RE: process pipe qualification range

Dear bro

you must understand the difference between procedure qualification and welder qualification.

i don't find the paragraph 432.1 in ASME ix except the table 432.1 which indicates the F-No. of electrode.

Maybe you means QW423.1


if a welder qualified use an WSP combined with a base metal designed to P-45No, he is qualified to welding the combination of P-No45 and P-No, with other variations of the WPS constant.

RE: process pipe qualification range

lslcpfcc is on the right track; Procedure qualification vs. welder qualification.

If the welder is properly qualified, then according to table QW-423.1, he is qualified to make the dissimilar weld.

However, if your contractor's WPS was qualified for welding P-No. 45 to P-No. 45, then it cannot be used for the dissimilar joint. A P-No. 45 to P-No. 1 WPS is required in this case. See Table QW-424.1

RE: process pipe qualification range

(OP)
seems these two post don't agree, I understand procedure vs welder quals. QW 423.1 offers a method of using alternative to the mat. used in a WPS and allows for the qualification to extend to the P numbers listed in the right col. as long as all other variables in the WPS are followed . what Im saying is welder is qualified to a P45-P45 wps and took a test using P45-P45 is he not qualified to weld P45-p1 per QW 423.1

RE: process pipe qualification range

If the welder took a test using P45 to P45 then he is qualified to weld P45 to P1 per QW423.1. But to make the weld a WPS (weld procedure specification) and PQR (procedure qualification record) for P45 to P1 must be
done. You have to have a WPS and a PQR for the 2 materials welded together. Hope that helps

RE: process pipe qualification range

(OP)
if as stated if he took a test welding P45-P45 under a WPS established for P45-P45 and as you stated he now qualified t weld P45-P1 , what WPS is he qualified to , if he qualified to the original P45 WPS then he is qualified to weld production P45-P1 welds under that WPS .otherwise I don't see a benefit to alternate base metal for welder test other than cost of materials

RE: process pipe qualification range

bhart,

I think your problem is that you don't know how to ask a question very well or explain what it is that you're seeking an answer for, so let me ask you a few questions.

Tell me exactly what material, weld rod, and welding process the welder qualified with.

Does your contractor have a WPS for welding P-No. 45 to P-No. 1?

RE: process pipe qualification range

bhart
Think of it this way.

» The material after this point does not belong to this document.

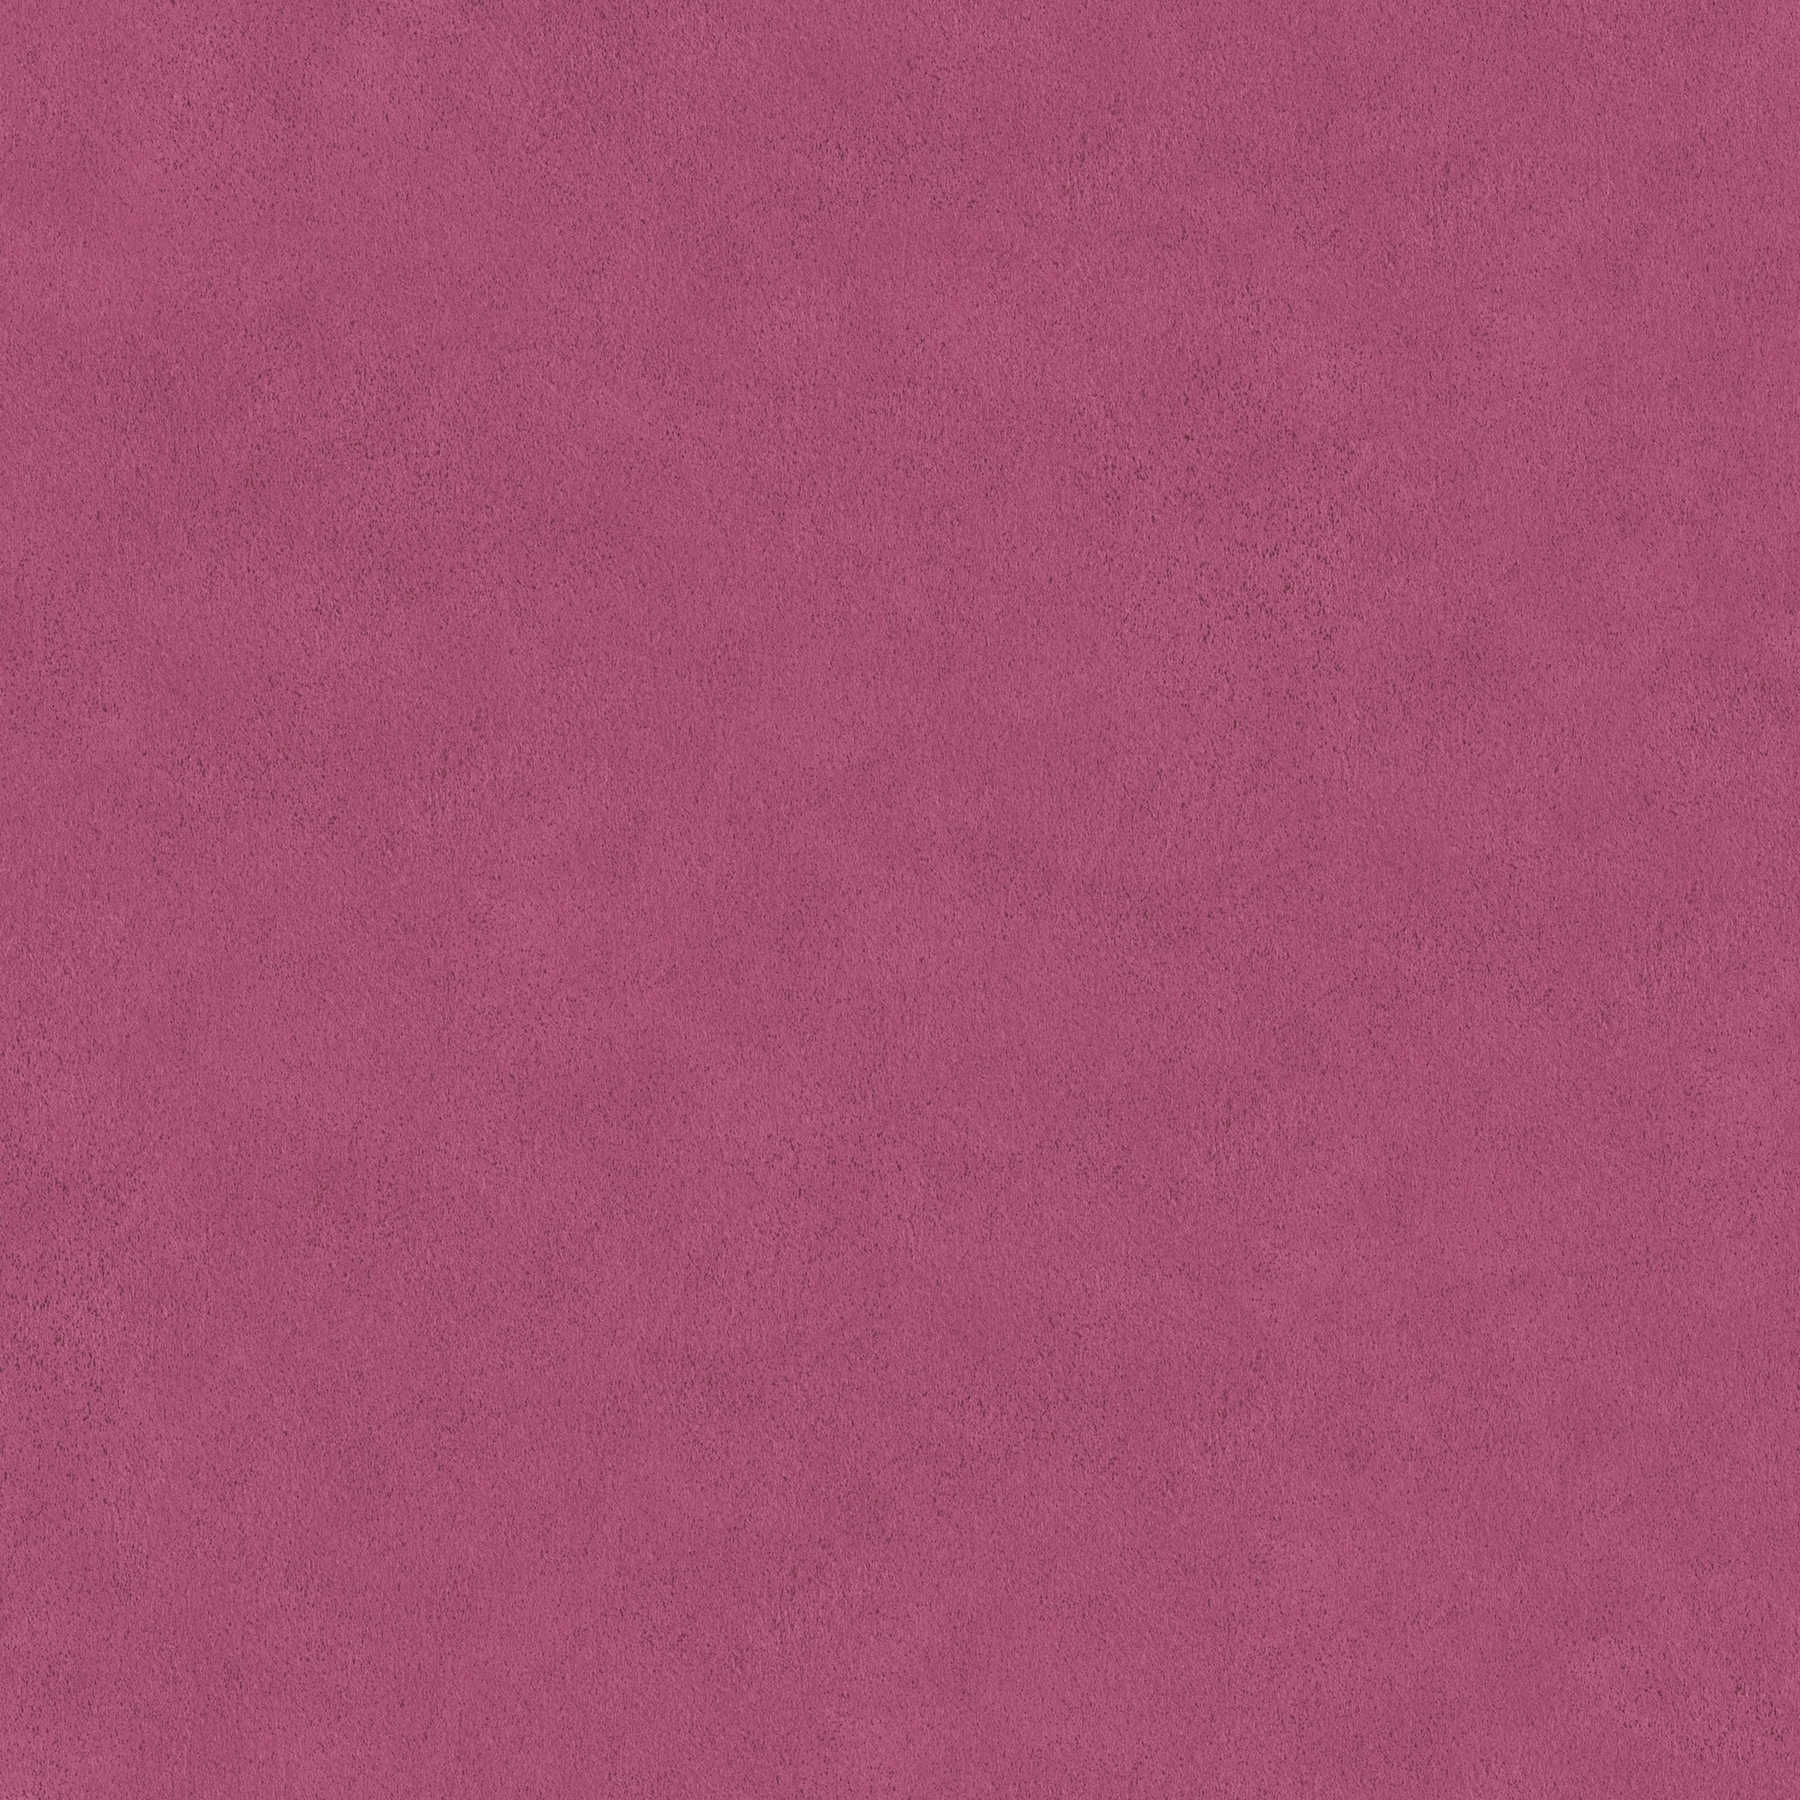 Plain wallpaper with fine mottled surface texture - purple

The welder is qualified to a process (GMAW, SMAW etc.) within the constraints of the essential variables. The weld procedure is qualified to the material as grouped by P#'s within the constraints of the essential variables for that process.

RE: process pipe qualification range

(OP)
then I see no benefit to QW423.1 , why offer a alternative to the base metal specified in the WPS if in you opinion you have to have a WPS for every combination of base metals , just do the combination WPS, why put it in code

RE: process pipe qualification range

The benefit is that you don't have to test your welder on every base metal or combination of basemetals he/she welds.

RE: process pipe qualification range

(OP)
david339933 is right

RE: process pipe qualification range

Have a look at QW-403.1

RE: process pipe qualification range

QW-403.1 is only applicable to certain processes, such as OFW, ESW, EGW, LBW, EBW. Should look at QW-424.